The site’s layout is designed to automatically adjust to screen size, Nelson said, which will allow mobile device users to easily use the site. When we visited the site over a 3G connection on an Android phone Wednesday afternoon, it loaded relatively quickly and formatted correctly. But the links to pages for live House and Senate floor video were not mobile-formatted, loaded slowly and required a Microsoft Silverlight video plugin, which doesn’t work on either the default Android browser or the popular Dolphin browser app. The live House video, but not that of the Senate, worked on an iPhone using a data connection.

The site will provide new educational tools, according to Nelson. There will be nine videos on the legislative process, she said. Currently, the only video on the site is one titled “Overview of the Legislative Process.” The roughly five-minute long video is accompanied by a transcript. The other eight videos will be uploaded soon, Nelson said. In the meantime, users can access the audio files and transcripts.

The content structure of the website will allow people to better understand the legislative process, Nelson said. For instance, she pointed to the new “Bill Status” indicator. When relevant, the indicator will include a stage for “Resolving Differences.” The inclusion of that step, Nelson said, will allow people to “have a better understanding about how a bill becomes a law."

The Library of Congress is looking for feedback on the site, Nelson said. Congress.gov will go through periodic updates to incorporate more data and user feedback until it encompasses all of the information on THOMAS.gov, she said. At that point, THOMAS.gov will be shut down.

The new website will lead to “something that we all like to hear in Washington these days: savings,” Lungren said. According to Karamanis, “the Library currently operates two systems -- now three -- which will eventually collapse into one. In addition, the storage/server systems are more efficient in many ways and could result in some savings.”

Advocates of the government releasing information had some complaints about the new website. The site is not transparent enough, said Participatory Politics Foundation Executive Director David Moore. The site should provide machine-readable bulk data, Moore said, without which “we don’t have complete access to what ought to be free and open to the public.” The site is a step forward, he said, but it “does not address the primary request of the open government community,” which is access to bulk data, he said. “The most important thing is that they liberate the public data, so that anyone can build a website with it."
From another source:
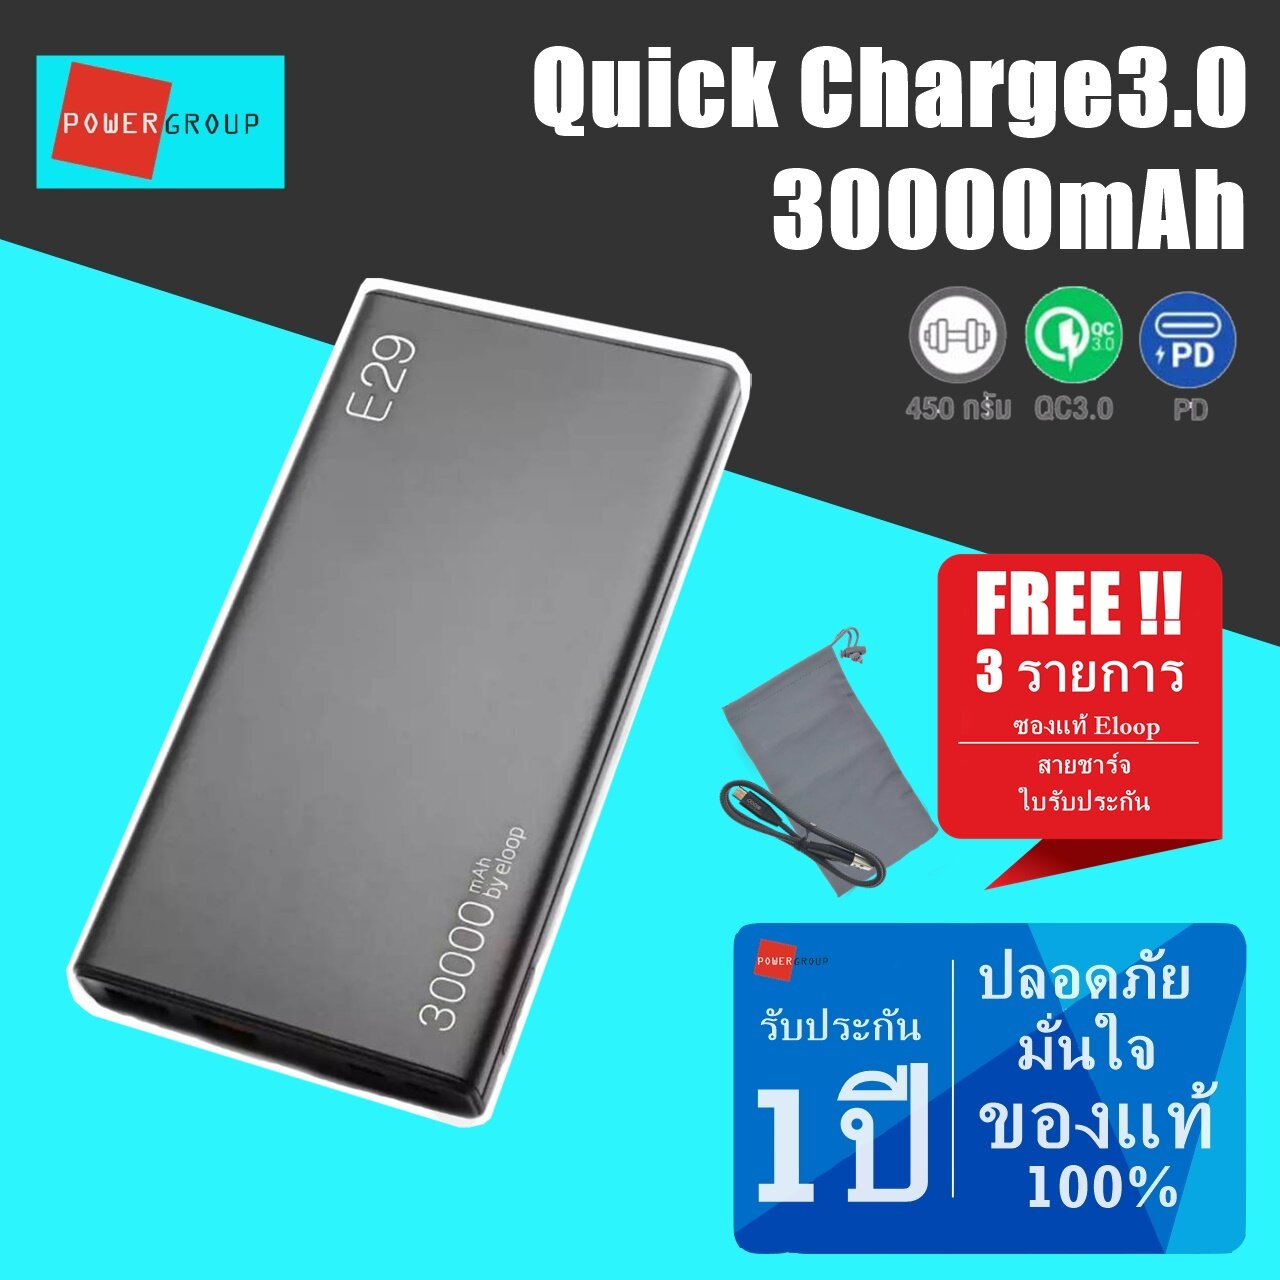 ส่งเร็ว 24 ช.ม Power Bank 30000mah Eloop E29 ฟรีซองผ้า ฟรี สายชาร์จ Type C Power Bank พาวเวอร์แบงค์ Eloop E29 30000m พาวเวอร์แบงค์ ชาร์จด่วน ชาร์จเร็ว แถม ซอง สายชาร์จ Qc3.0 + Qc2.0 + Pd Power Group.
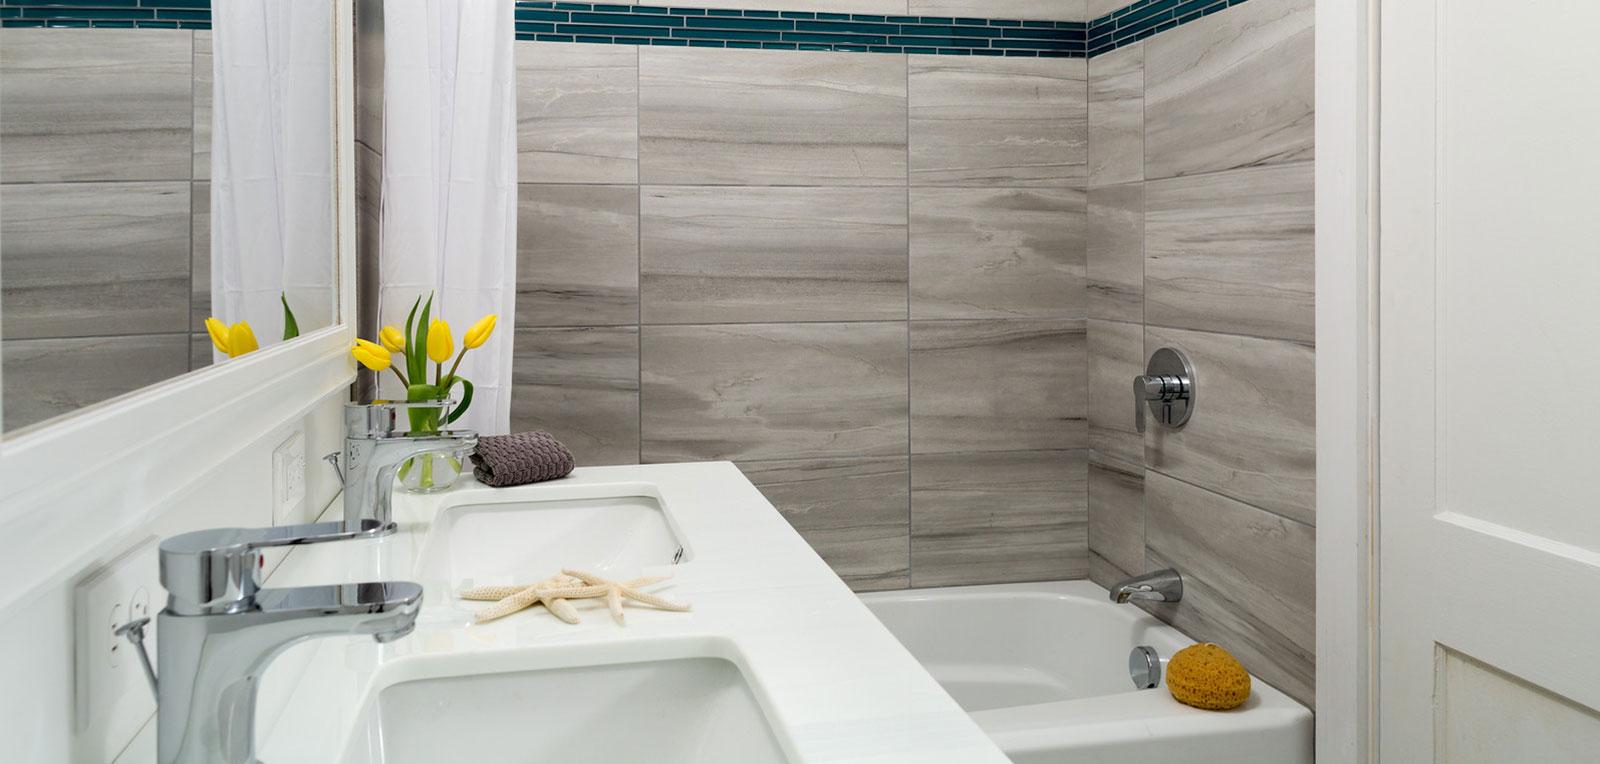 2BR Apartment Bathroom | ADMIRAL SIMS B&B, Newport Rhode Island

The public should have been involved before now, said Sunlight Foundation Policy Counsel Daniel Schuman. “They're having these conversations internally, but they really need to have these conversations externally as well,” he said of the Library of Congress. He commended it for the updated layout and educational tools. While the new site will continue to provide data in the XML format, Schuman said, “the way it’s being provided isn’t a way that’s easy to grab” to build other websites with.